Lothian Schools Strathspey and Reel Society (L.S.S.R.S. for short) is an amateur Scottish fiddle orchestra based in Edinburgh, Scotland. The society consists of around 30 fiddlers, 2 cellists and currently 2 double bassists. They play at many concerts throughout the year and also attend the Kirriemuir Fiddle Festival every November, which, for the last two years running, they have won the large group competition and last year won the quartet competition.

Aims
The aims of the society are as follows;

To foster the playing of Scottish fiddle music by young people.

To encourage an interest in Scottish music and dance.

To give public performances.

To take part in musical competitions and displays.

To participate in tours or special events related to these aims.

History
As part of the movement to preserve and develop Scottish traditional fiddle playing the Lothian Schools Strathspey and Reel Society was formed in 1983 by its conductor Yla Steven. Its membership is drawn from pupils attending schools in Lothian who meet weekly to rehearse their skills. The current membership is around 40.

In 1984 the group went to Munich representing the Lothian Region in the celebrations which marked the 30th anniversary of the twinning of the two cities, Edinburgh and Munich.

In 1985 they represented Lothian Region again, this time at the Scottish Schools Prom Concert in the Usher Hall, Edinburgh. This concert was presented to commemorate European Music Year and was broadcast on television by BBC Scotland.

For several years now the Lothian Schools Strathspey and Reel Society has competed at the Kirrimuir Fiddle Festival, one of the top festivals of its kind in Scotland, and many of its members past and present have featured in the prize list for both solo and group performances. 2000 was a particularly successful year - winning the orchestra competition.
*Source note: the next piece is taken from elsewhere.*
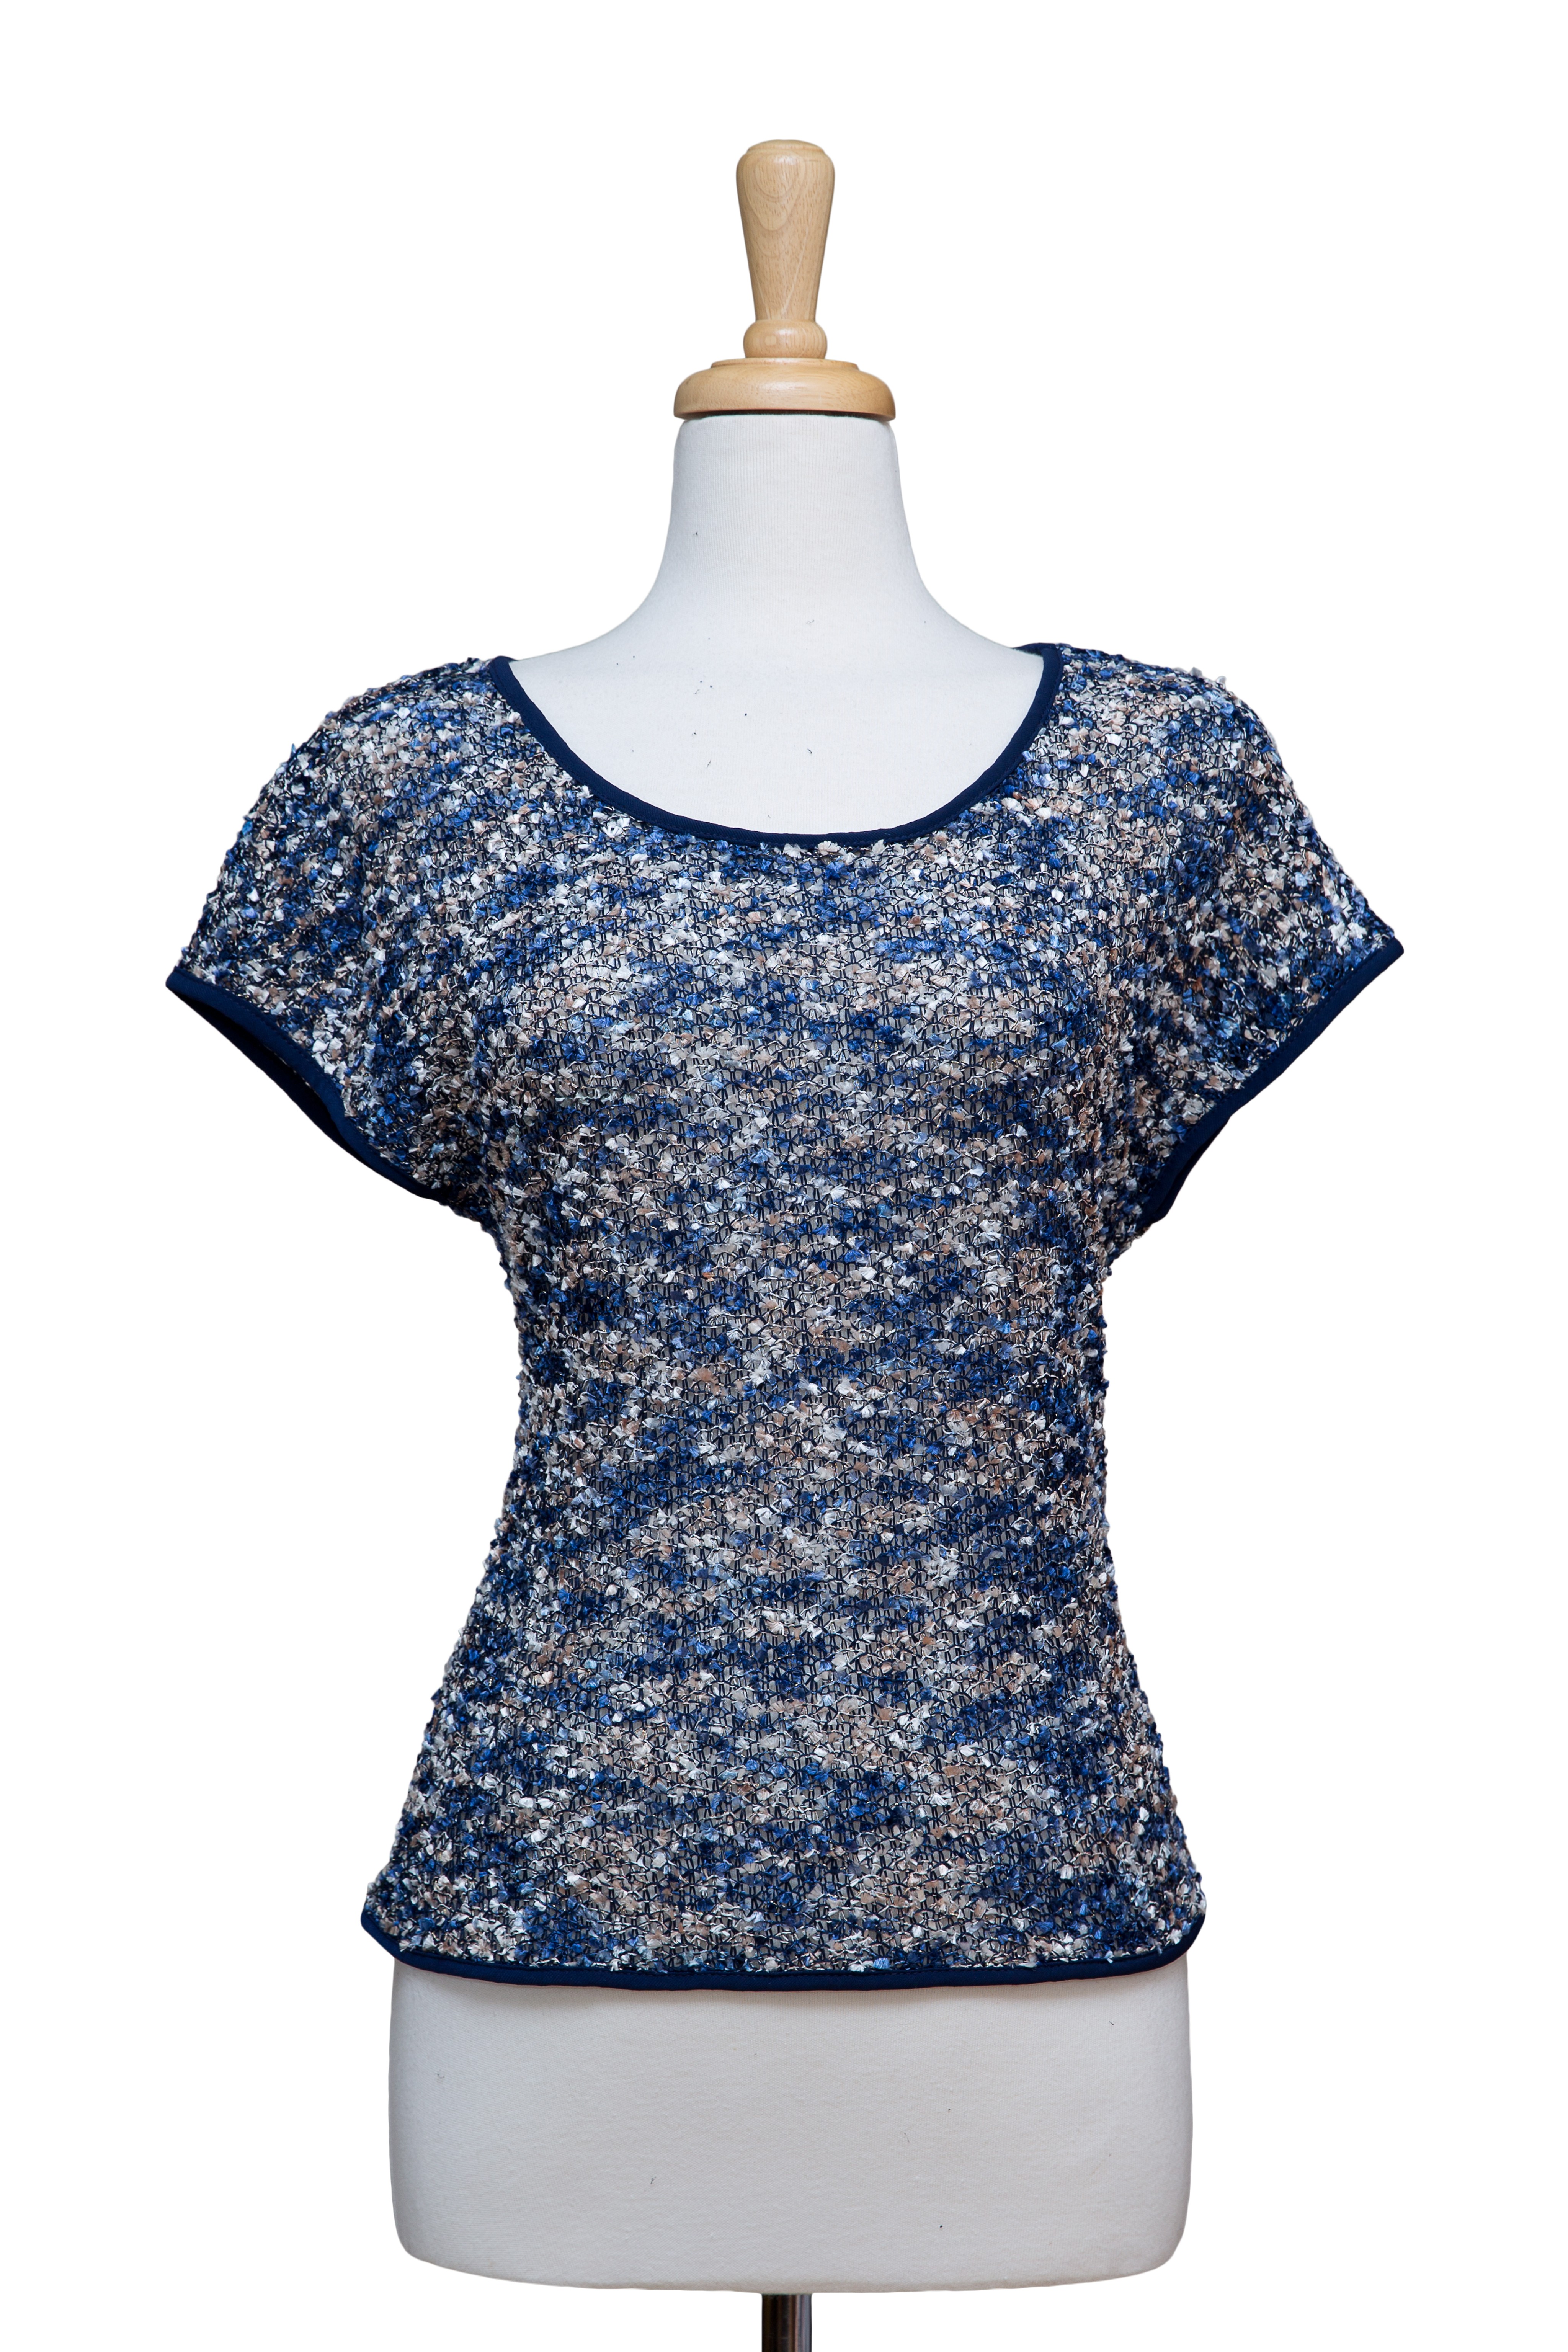 Shades of Blue & Ivory Tweed Knit Short Sleeve Top

However, the orchestra has won this 3 times, and is now recognised as one of  the top strathspey and reel societies in Scotland.

The Lothian Schools Strathspey and Reel Society has hosted many "Fiddlers' Rallies" all over Scotland - the Scottish Exhibition and Conference Centre, Glasgow, the Whitehall theatre, Dundee, and most frequently in Falkirk Town Hall where there is a Youth Music Festival at Easter time.

In 1988 and 1989 the L.S.S.R.S. took part in the Festival of British Youth Orchestras which takes place during the Edinburgh International Festival. In 1989 they were also invited to the Aberdeen International Youth Festival to take part in "A Taste of Scotland" staged in His Majesty's Theatre. This performance was shown on Grampian Television. Later the same year they were invited to play at Blair Castle during the finals of the Glenfiddich Scottish Fiddle Championships.

In 1992 the L.S.S.R.S. made their first Canadian appearance with a tour of Alberta. They started in Edmonton - played in the Mall, then Red Deer for their Highland Games, Banff for Canada Day - Banff Springs Hotel!, and finally Calgary where they marched in the Stampede Parade and performed on the Centennial Stage.

1993 saw another breakthrough in their impressive record when they played nightly for three and a half weeks for the Scottish Country Dancers at the Edinburgh Military Tattoo.

Foreign travel was on the agenda again in 1994. This time it was a tour of the Argentine where they were guests of St. Andrew's College, Buenos Aires.

In 1996 the L.S.S.R.S. were the fiddle orchestra who took part in the Robert Burns Spectacular Concert in Glasgow marking the bi-centenary of the poet's death.

In 1998 the L.S.S.R.S. made a return visit to Canada playing this time in Vancouver, Creston, Calgary, Banff, Medicine Hat, Toronto and also Ann Arbor in Michigan, United States.

In 1999 and 2000 the L.S.S.R.S. acted as "hosts" to the Fiddlers Philharmonic from Ann Arbor and New Tradition from Shetland.

In 2000 they also took part in the Spirit of Youth Concert in Falkirk Town Hall.

2001 saw the Spirit of Youth Concert move to the Glasgow Royal Concert Hall - this time it was televised and broadcast in 2002. Between them these concerts have raised over £50,000 for CHAS (Child Hospice Association of Scotland).

In 2008 the society completed another successful tour of Canada, this time visiting Calgary, Banff, Medicine Hat, Regina, Drumheller, and Edmonton.